## STORED DATA
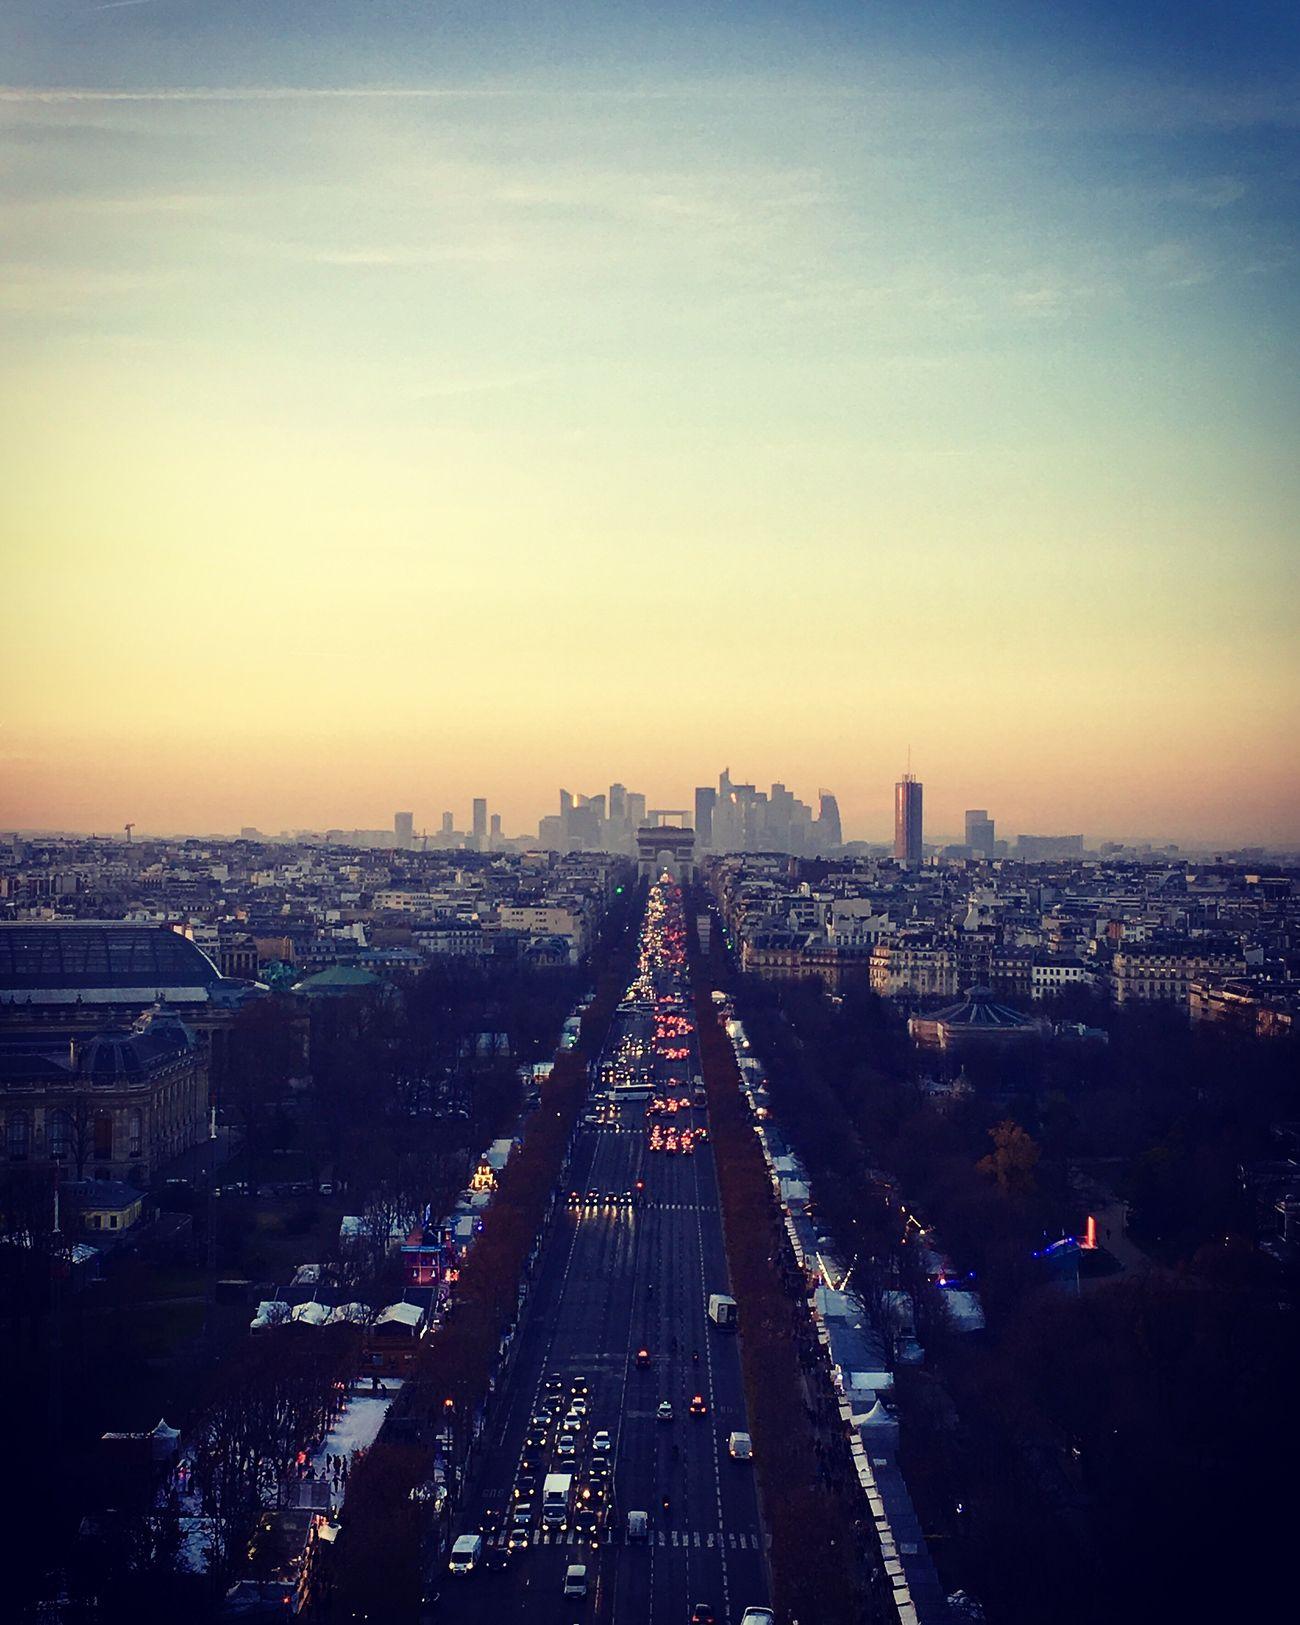 Paris City Skyline Grand Roue De Paris Place De La Concorde , Paris Champs-Élysées  Arc De Triomphe La Défense
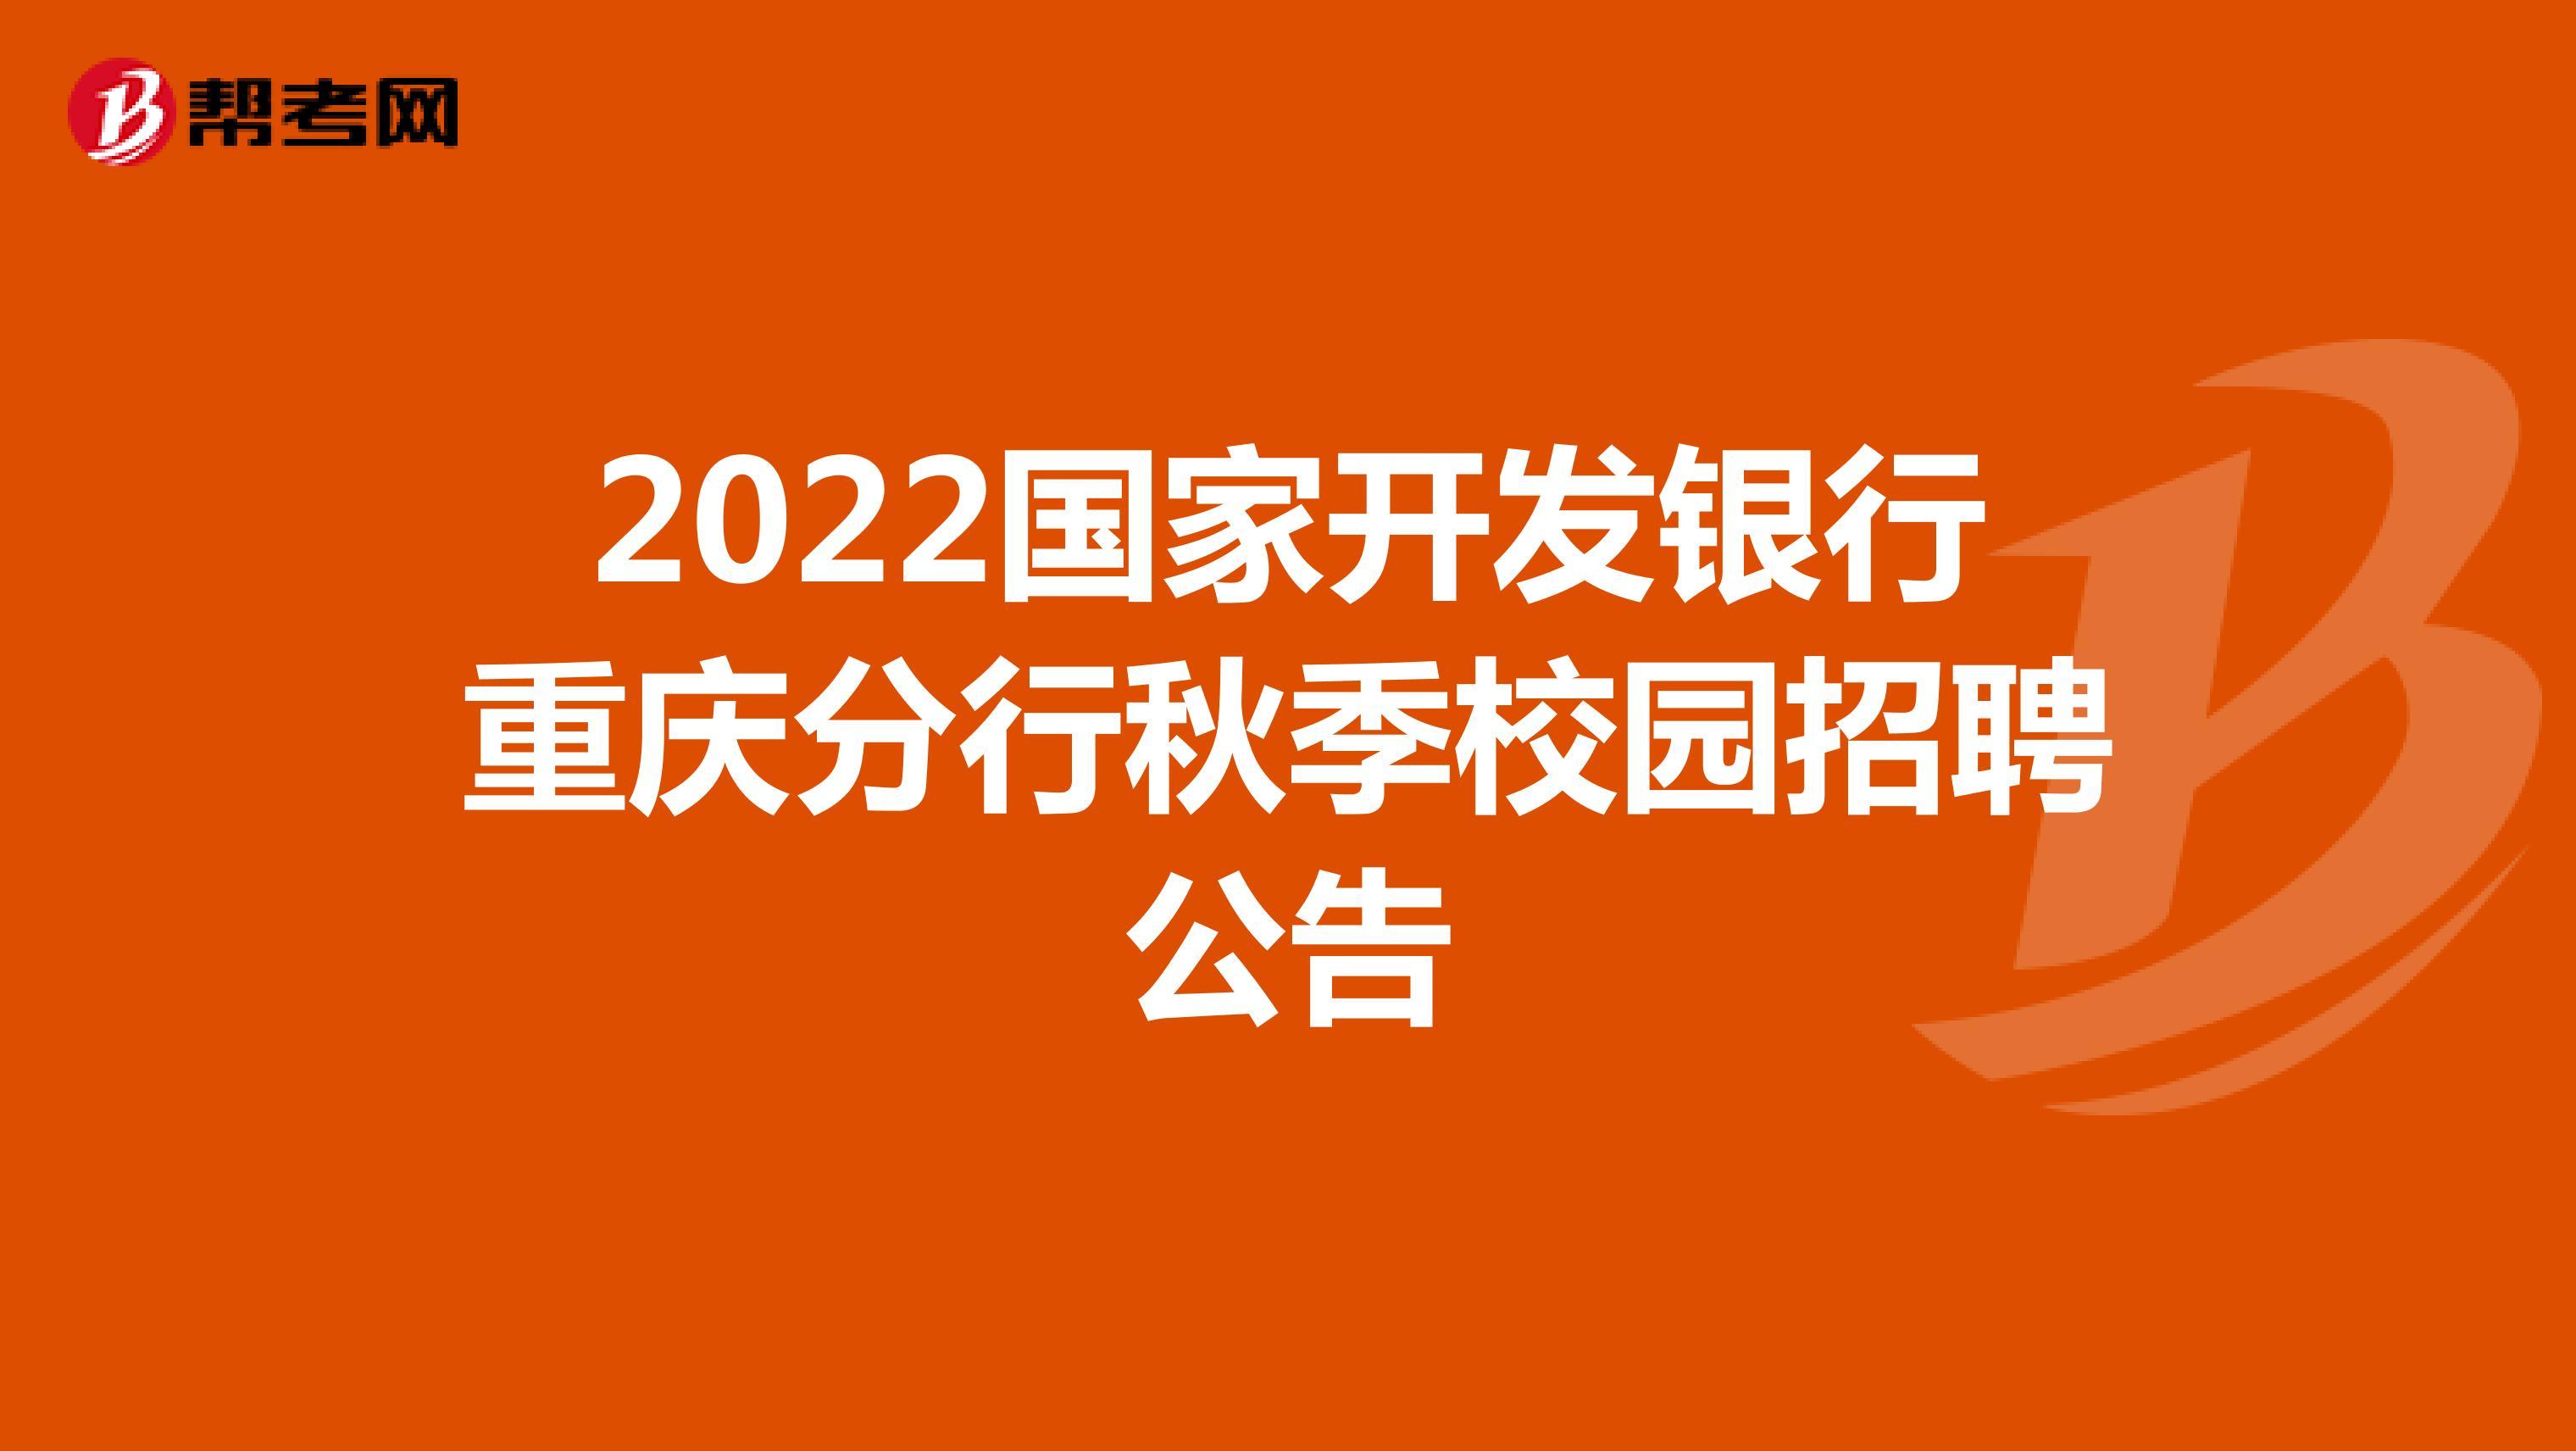 2022国家开发银行重庆分行秋季校园招聘公告
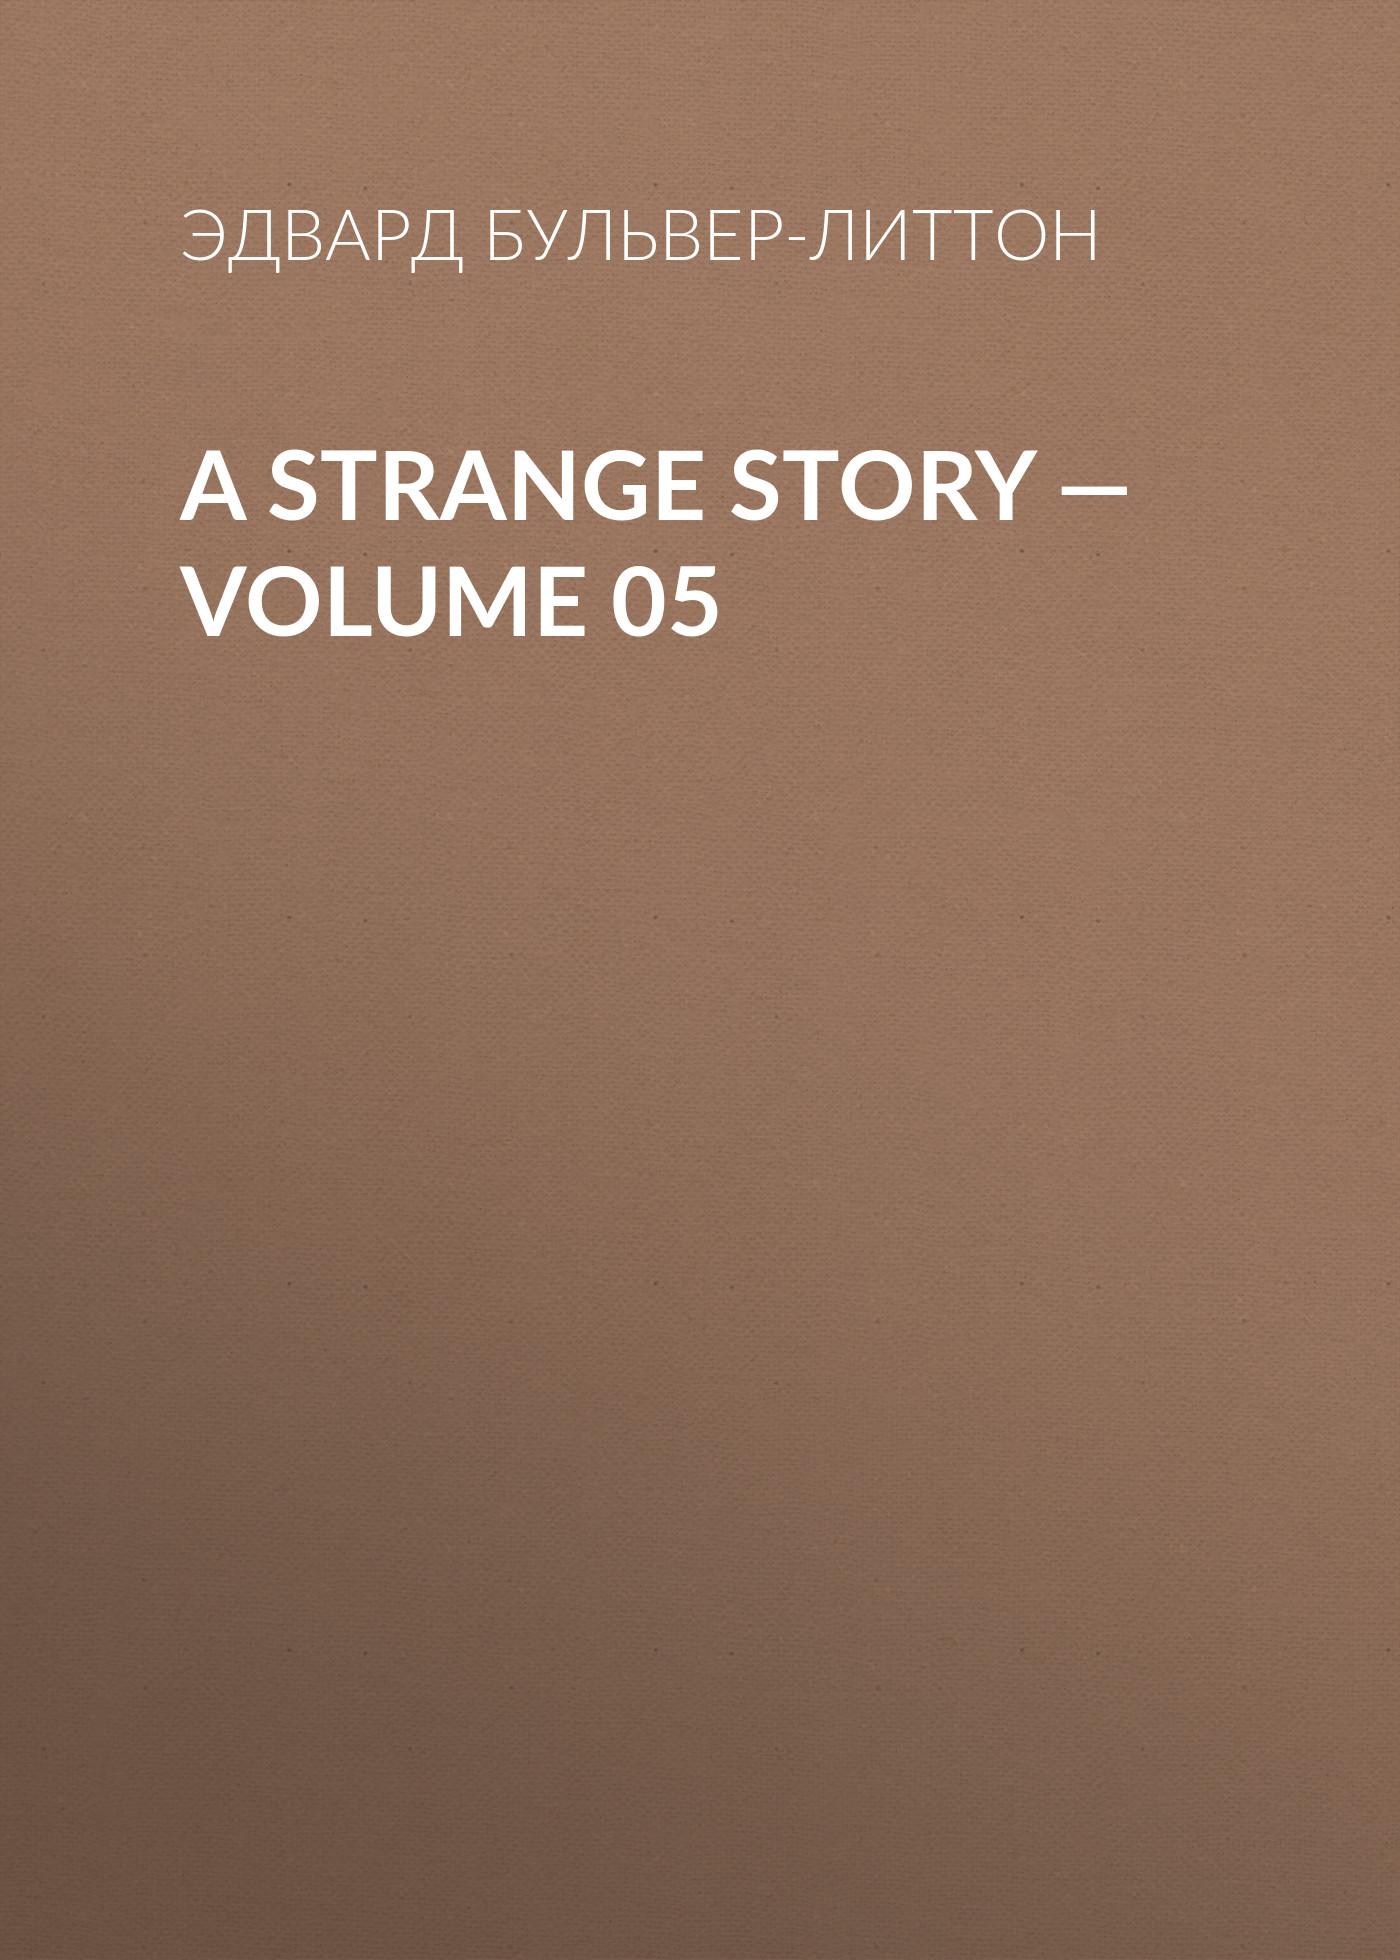 Эдвард Бульвер-Литтон A Strange Story — Volume 05 эдвард бульвер литтон a strange story volume 05

## INSTRUCTIONS TO FOLLOW
From the first line to the last, reproduce the listing above exactly, leaving the pictures out.

## RESULT
 Paris City Skyline Grand Roue De Paris Place De La Concorde , Paris Champs-Élysées  Arc De Triomphe La Défense
 2022国家开发银行重庆分行秋季校园招聘公告
 Эдвард Бульвер-Литтон A Strange Story — Volume 05 эдвард бульвер литтон a strange story volume 05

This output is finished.